Define U+W={u+v: u is a member of U and w is a member of W}. Then U+W is a vector space and a subspace of V called the sum of U and W. And, U and W generate or span U+W.
Proof:
1. Property 1: Let v1 and v2 belong to U+W. Then v1=u1+w1 and v2=u2+w2.
Then v1+v2=(u1+w1)+(u1+w2)=(u1+u2)+(w1+w2). Since u1+u2 is a member of
U and w1+w2 is a member of W, v1+v2 is a member of U+W, by definition of
U+W.
2. Property 2: Let v be a member of U+W and c be a member of K. Consider
c*v. Since v is a member of U+W, v=u+w for some u in U and w in W.
Then c*v=c*(u+w)=cu+cw. Since U and W are vector spaces, themselves,
cu is a member of U and cw is a member of W. Then cv is a member of U+W.
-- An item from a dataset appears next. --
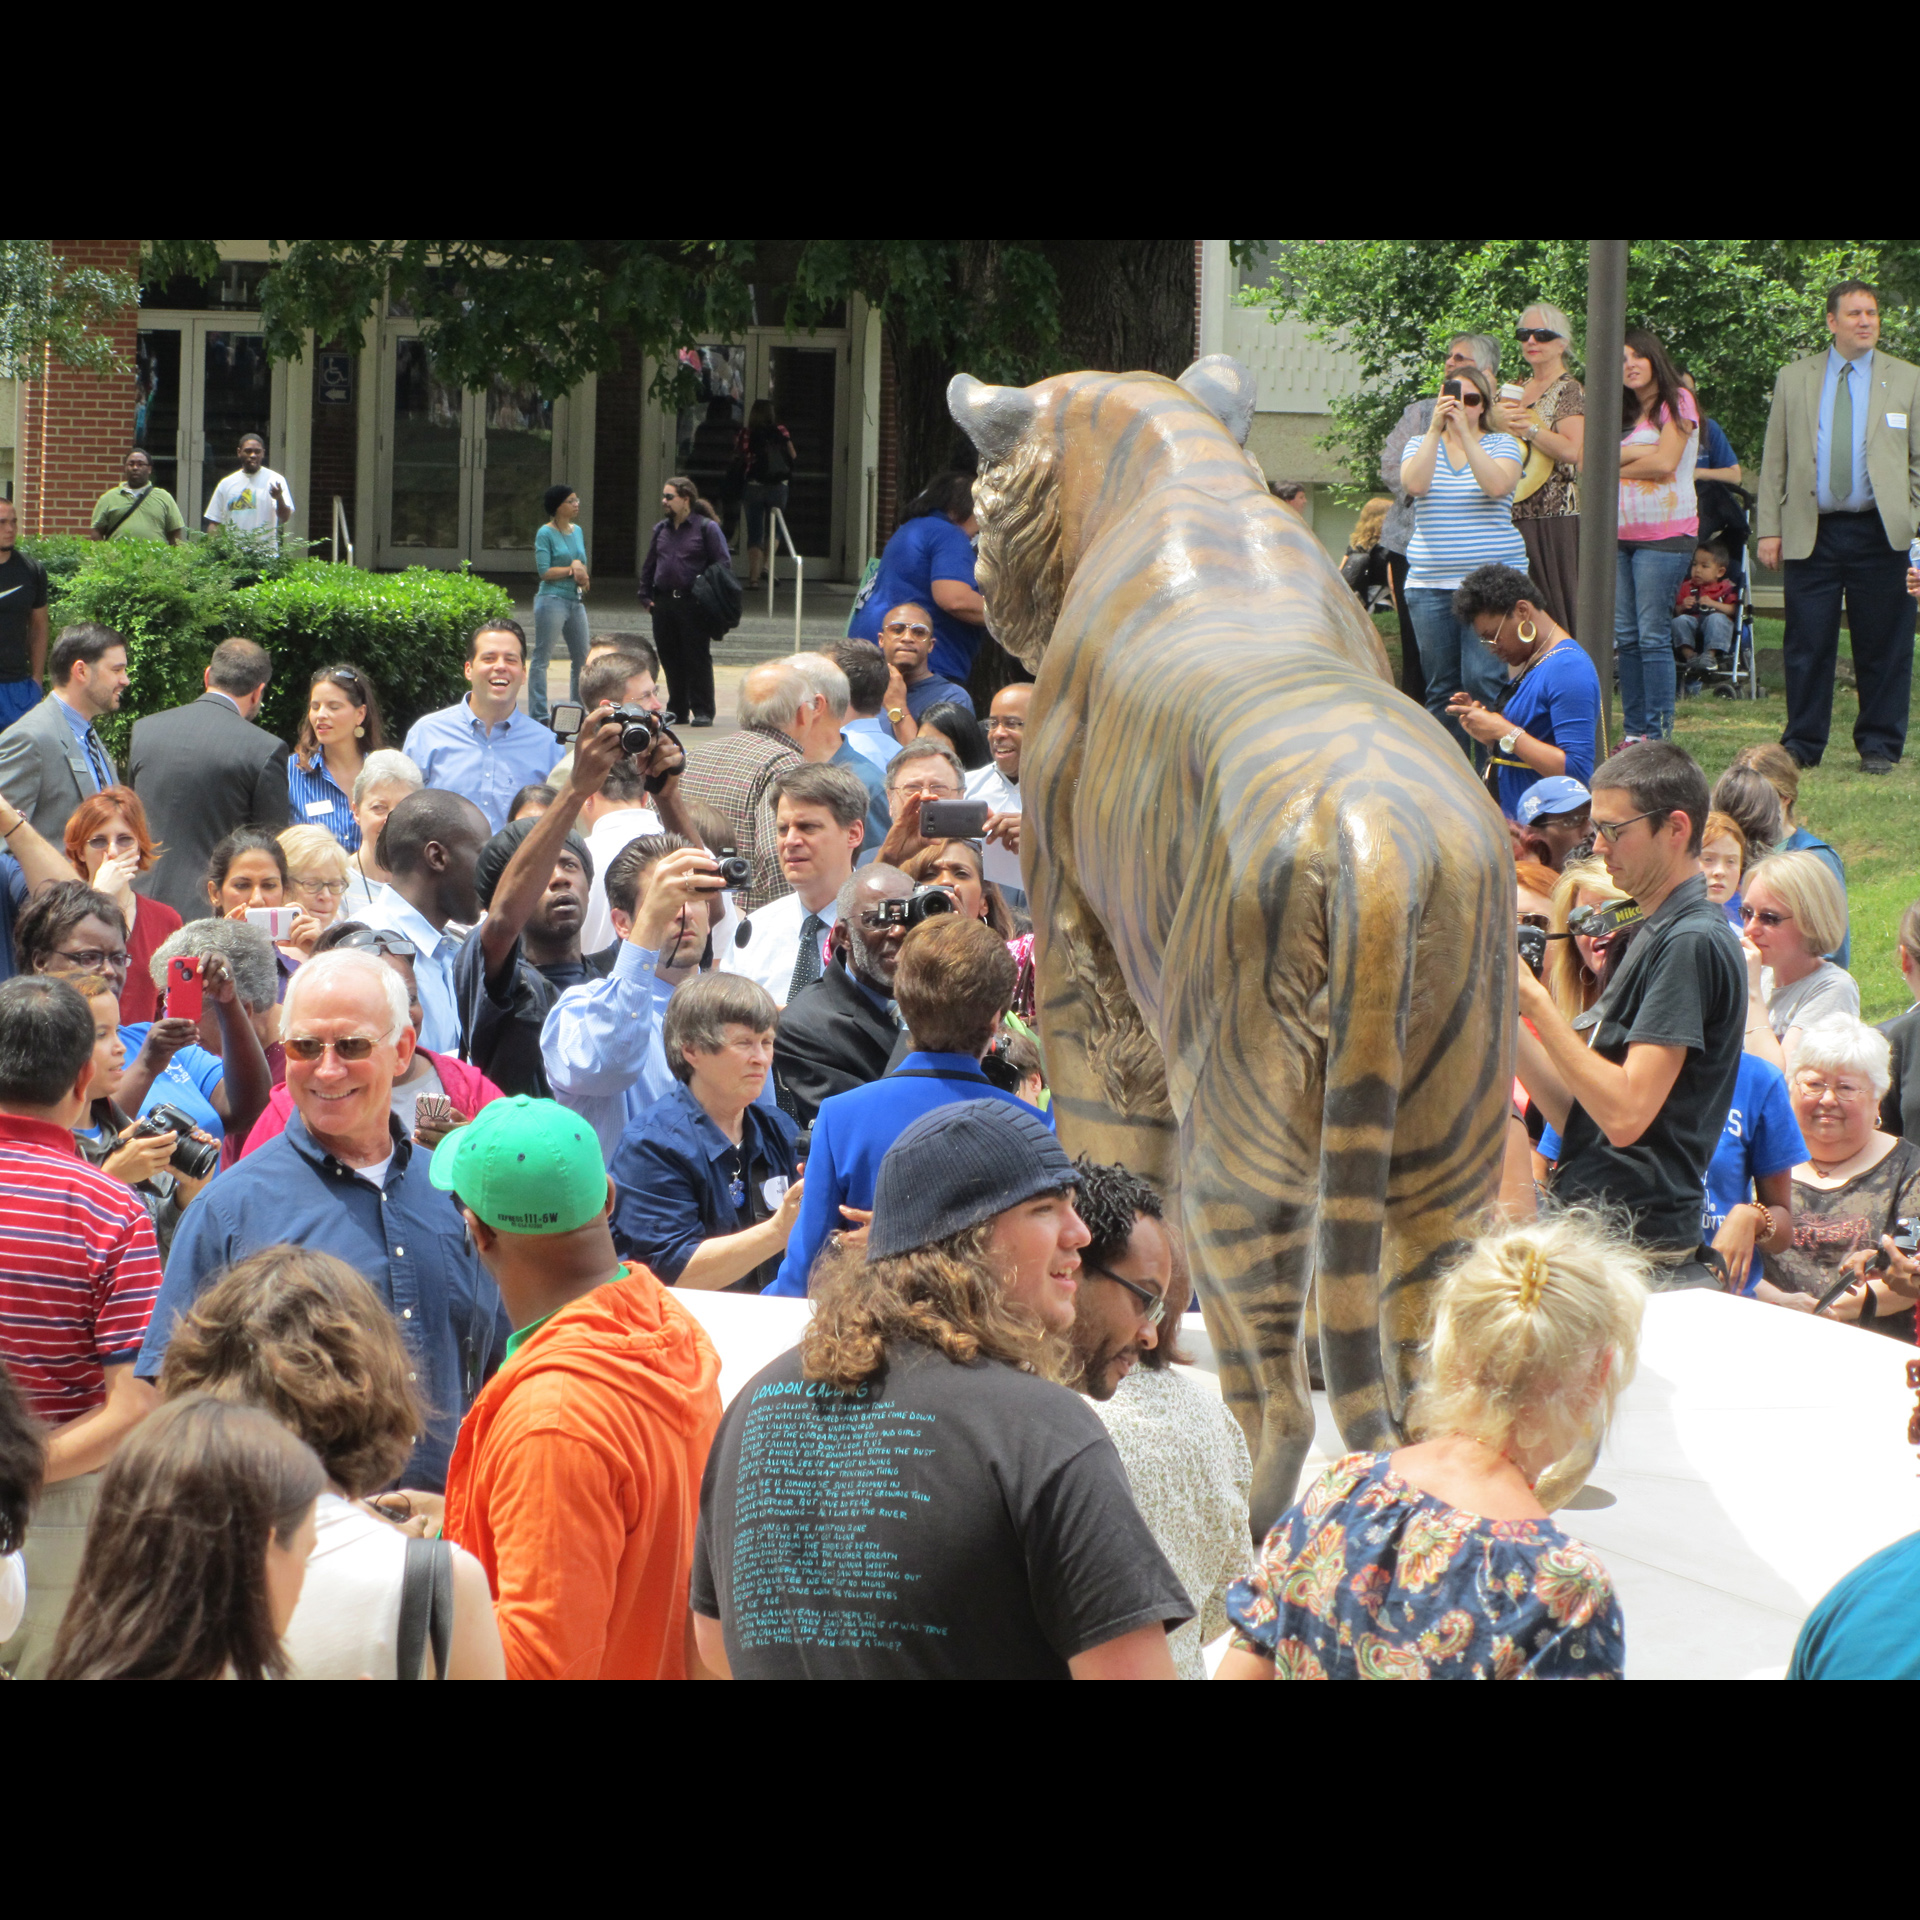 University of Memphis Tiger in Memphis, TN
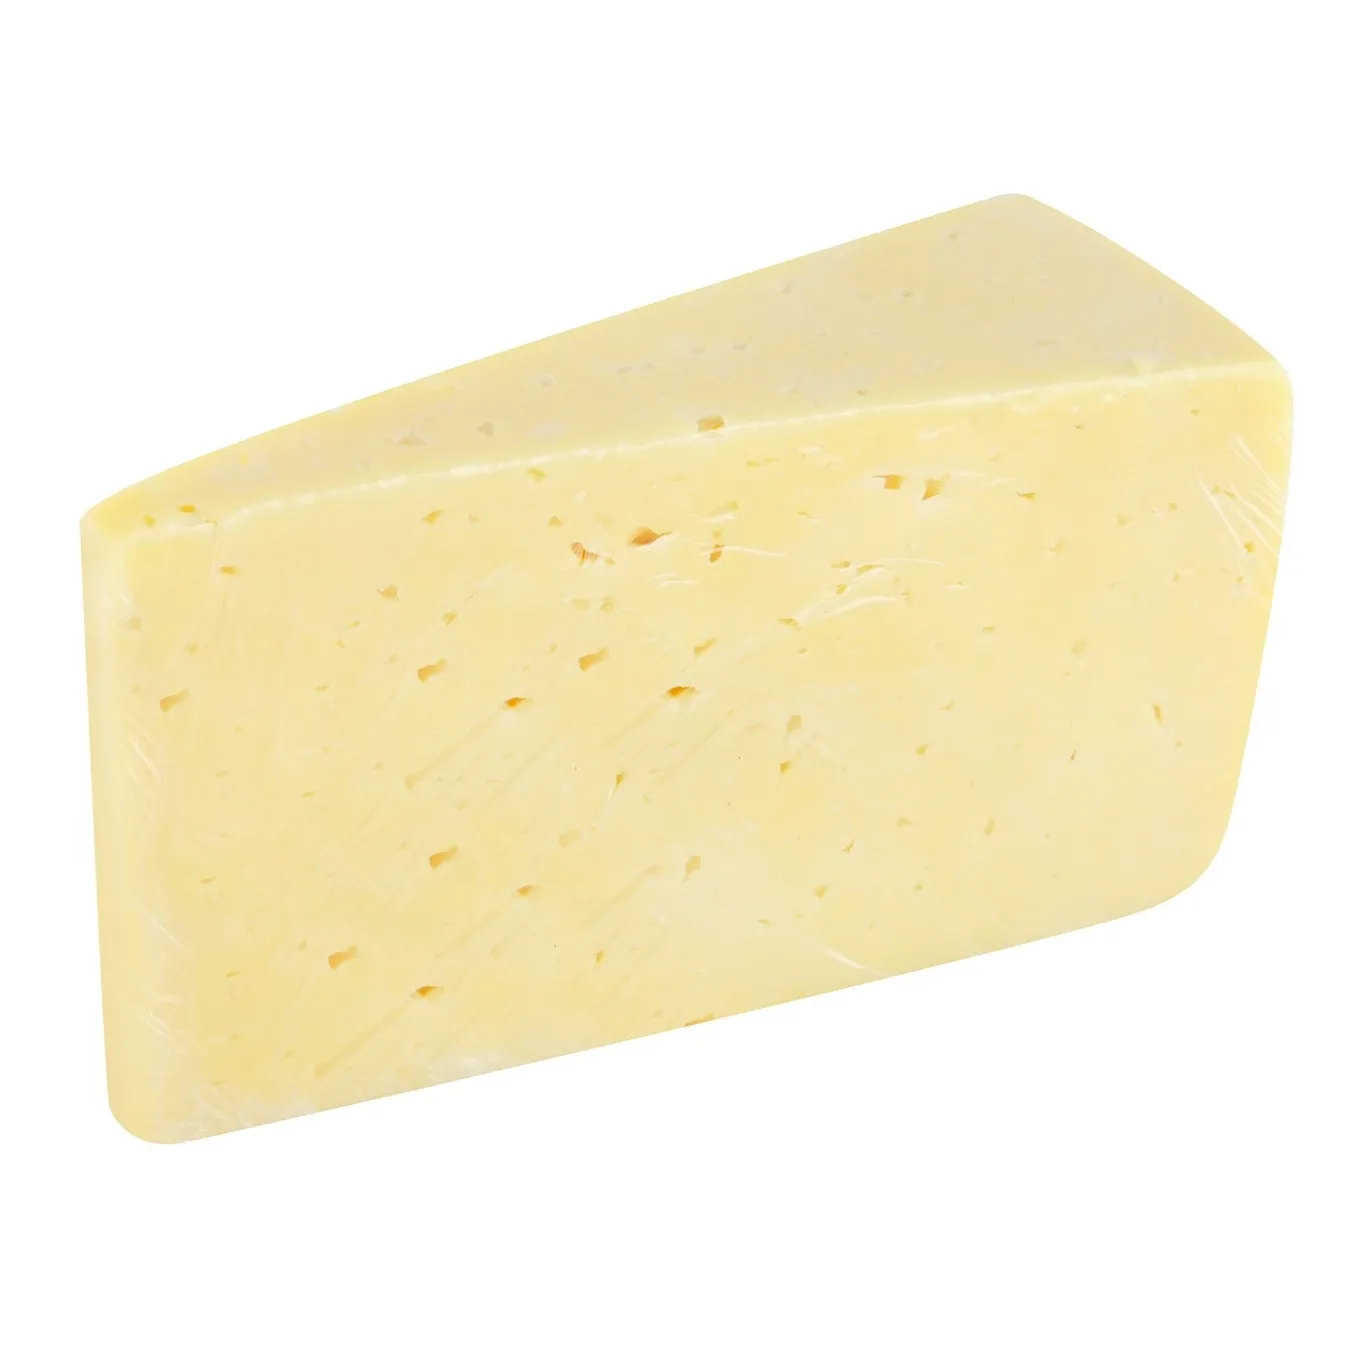 Hard cheese Shostka Ukrainian 50% by weight

3. Property 3: Since U and W are vector spaces, 0 is a member of both U
and W. Then 0+0 =0 is a member of U+W.
It should be obvious that, given an element v=u+w of U+W, it is generated by U and W, that is, it is a linear combination of an element from U and an element from W.
Example 2: Let S be a subspace of R3, defined by S=
{(s1,s2,s,3) such that s2=0}. Show that S is generated by E1=(1,0,0) and E3=(0,0,1).
Proof:
Let v belong to S. Then v=(v1,0,v3). To show that V is generated by E1 and E3, it
is necessary to prove v is a linear combination of E1 and E2.
But, v1*E1+v3*E3=v1(1,0,0,)+v3*(0,0,1)=(v1,0,0)+(0,0,v3)=(v1,0,v3)=v.
So v=v1*E1+v3*3E3, a linear combination of E1 and E3.